StartupBus has been doing this for six years. The business ideas have historically been web and mobile apps, but this was the first year that they’ve had a “Maker Bus” focused on creating physical hardware.
That bus originated out of Chicago.
They weren’t sure the Maker Bus was going to work. I mean, you can imagine banging away on a laptop in the back of a bus for three days, but what are you going to do, bring a 3D printer on the bus?

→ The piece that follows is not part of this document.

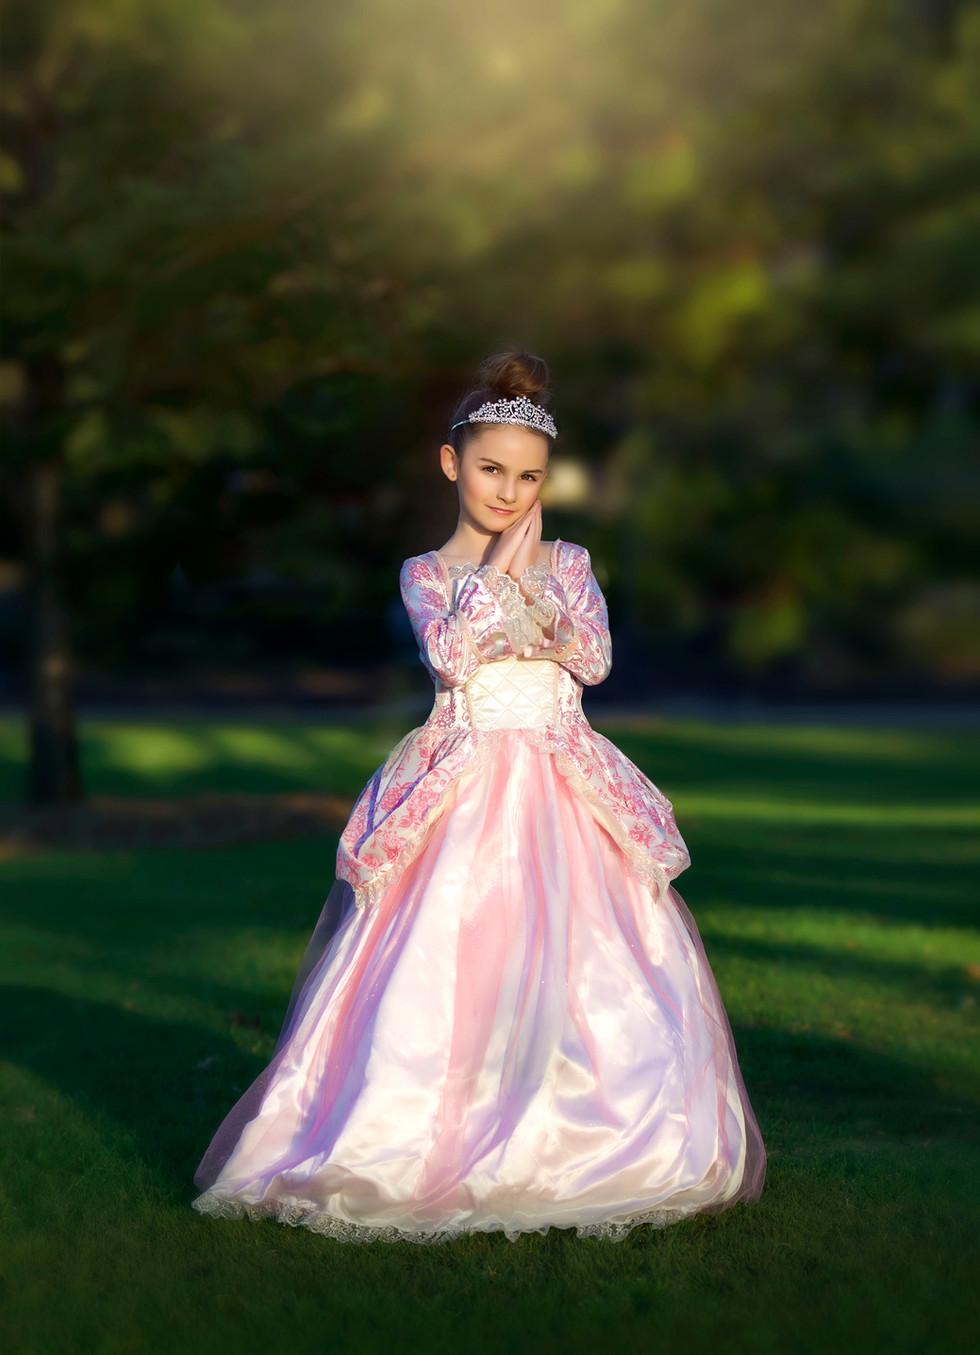 beautiful childrens photos newcastle

Our riders brought boxes full of wires and buttons and tools. Sponsors donated Arduinos and Sparks and Raspberry Pis. We made overnight stops in TechShops in Detroit and Pittsburgh giving us access to every manner of fabrication tools available.
And it worked.
For the first time in StartupBus history, every single team from a bus – the Maker Bus – proceeded to the semi-finals. And the Chicago bus was the only bus to send two teams the finals this year.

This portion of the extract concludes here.